The numbers sound impressive. The picture underneath is less flattering. Most of that spend is going to the wrong things. And the organizations that will compound the most value from AI are the ones that allocate budget to infrastructure, not experiments.
Where Does Enterprise AI Budget Actually Go?
Based on research from McKinsey, Deloitte, IDC, and earnings call disclosures from major tech companies, the typical enterprise AI budget breaks down roughly as follows.
Model API costs and experimentation consume 30-40% of the total AI budget. This includes direct API spend with OpenAI, Anthropic, Google, and others, plus the engineering time spent evaluating models, running proofs of concept, and building demo applications. The problem isn't that experimentation is bad. It's that experimentation without infrastructure produces experiments that never scale. Dozens of teams running independent POCs with independent model contracts and independent integration work is the definition of duplicated effort.
Custom development takes another 25-35%. This is the engineering time spent building bespoke AI solutions: custom RAG pipelines, custom agent frameworks, custom integrations, custom governance layers. Each team builds its own version because no shared infrastructure exists. The custom development line item is where the build-vs-buy decision plays out most visibly. Learn more
Point tool licenses account for 15-20%. Enterprise search tools, AI copilots, chatbot platforms, specific-purpose AI applications. Each solves one problem. Each has its own pricing model, its own integration requirements, and its own security review. A mid-size enterprise running five AI point tools is spending $500K-$2M annually on licenses alone, before considering the integration costs to make them work together.

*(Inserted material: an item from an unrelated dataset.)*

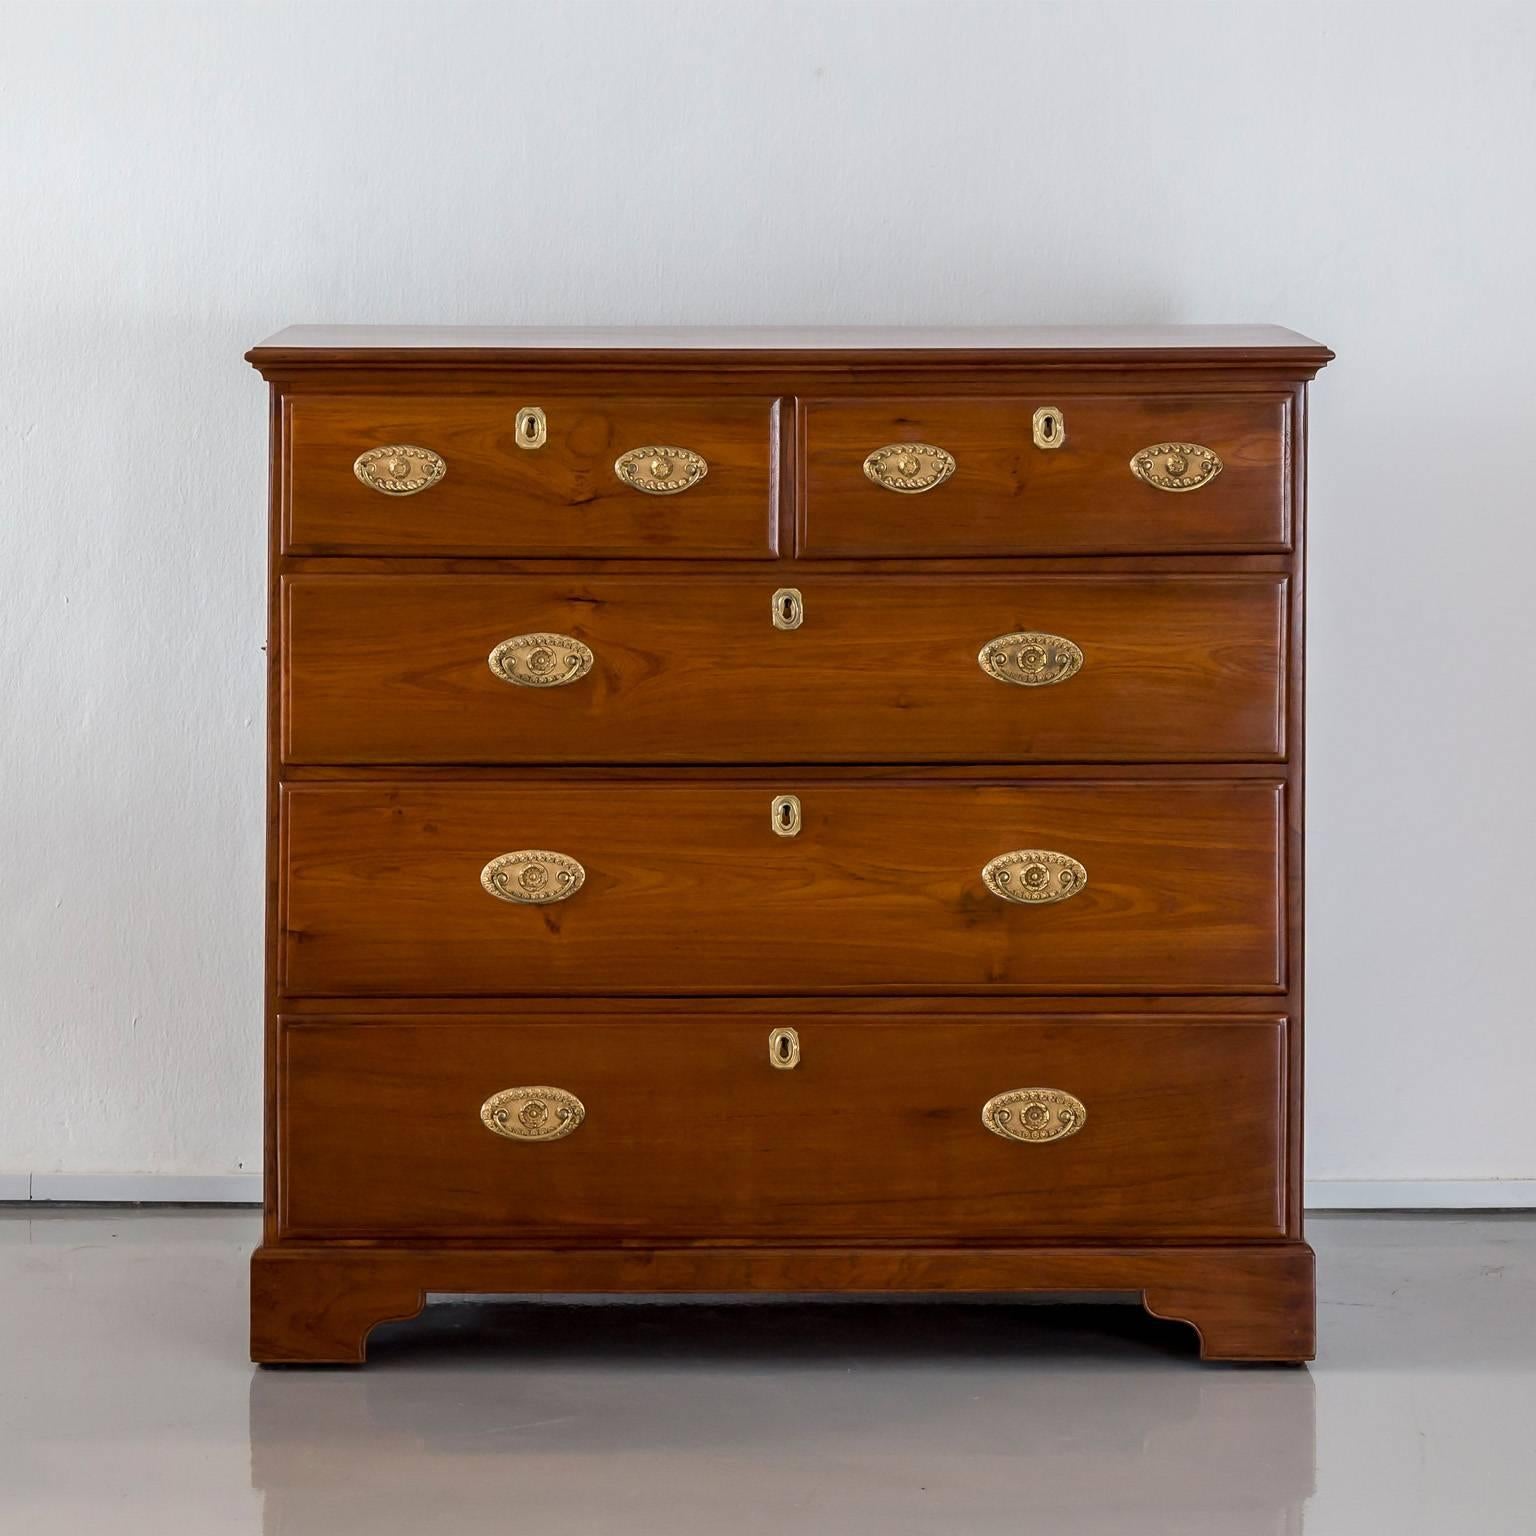 A British colonial Regency teakwood chest of drawers with a beautifully figured rectangular moulded top. Two short drawers above three long drawers of equal size, all with the original ring plate handles and escutcheons. The drawers with dovetail

Infrastructure gets 10-15%. This is the investment in the foundation: context layers, AI gateways, governance frameworks, orchestration platforms, memory systems. The category that determines whether all the other spending compounds or fragments.

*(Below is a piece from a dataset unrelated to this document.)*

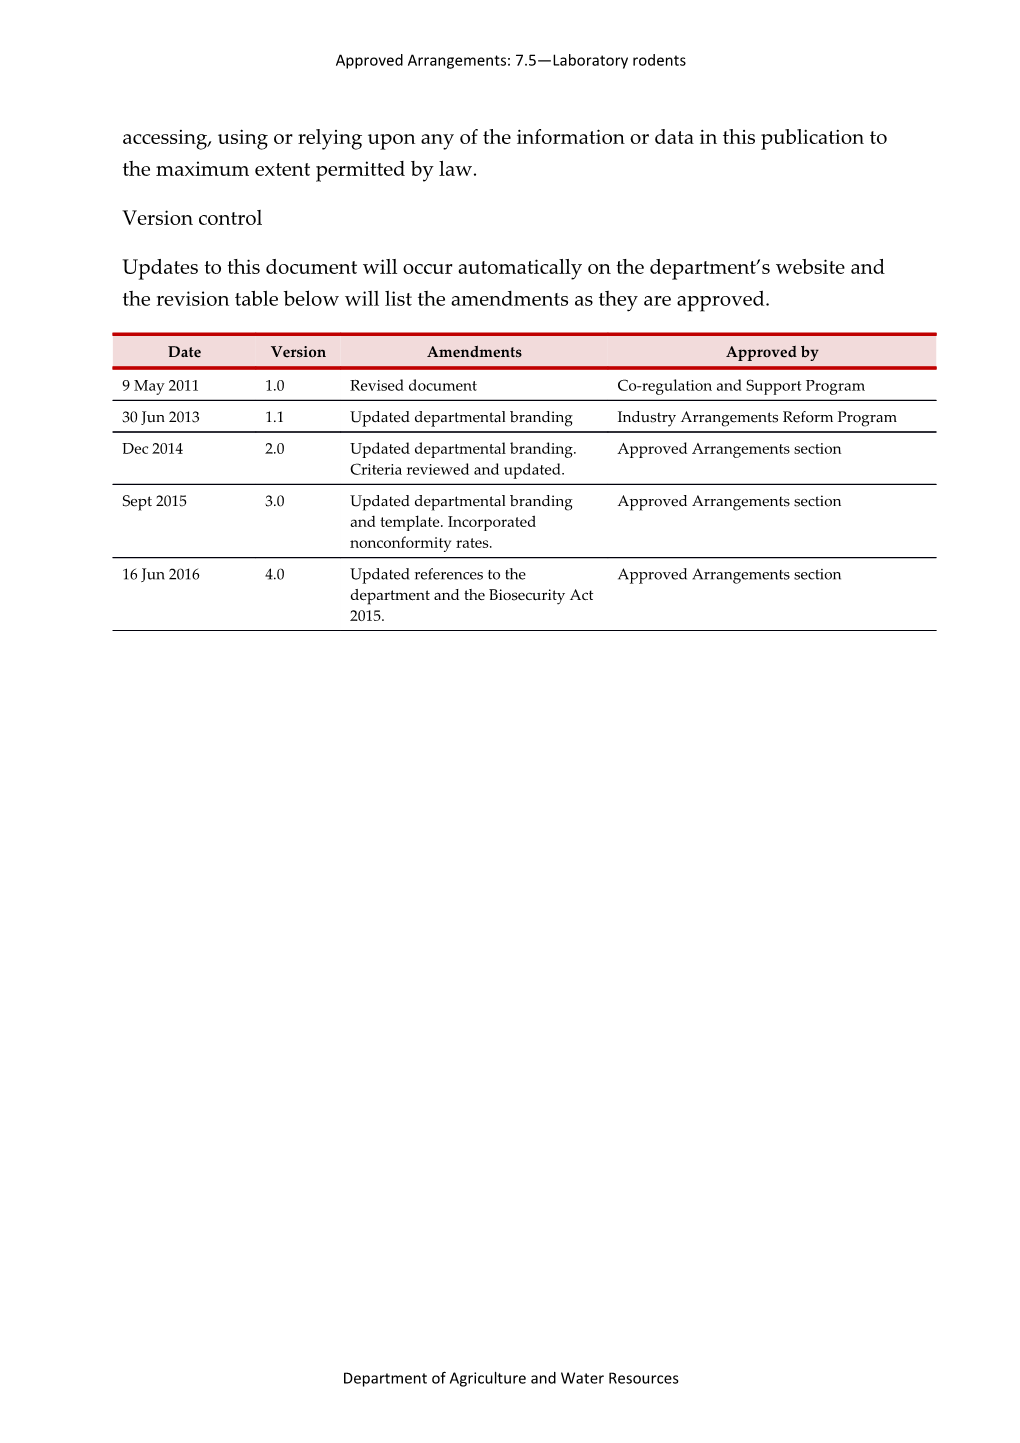 Approved Arrangements for 7.5 - Laboratory Rodents: Requirements

Consulting and professional services take 5-10%. Implementation support, AI strategy consulting, change management. This category has grown significantly with OpenAI's Frontier launch and similar services-heavy enterprise AI approaches.
Where Are Companies Over-Investing?
Two areas consistently receive more budget than they should relative to their impact.
Model experimentation without infrastructure is the most common over-investment. Running the fourteenth proof of concept with a new model doesn't produce value when the first thirteen never reached production. The bottleneck isn't model quality. It's the infrastructure to take any model from prototype to production with governance, context, and scalability. Continuing to invest in experiments without fixing the infrastructure underneath is like buying more cars without building the road.
Per-seat AI tool licenses are the second. The per-seat pricing model that dominates the enterprise AI market ($40-70 per user per month is typical) creates a scaling problem. At 1,000 users, you're spending $480K-$840K annually on a single AI capability. At 5,000 users, you're looking at $2.4-$4.2M. And that's for one tool. Enterprises running three or four per-seat AI tools are spending millions on what amounts to a set of disconnected features.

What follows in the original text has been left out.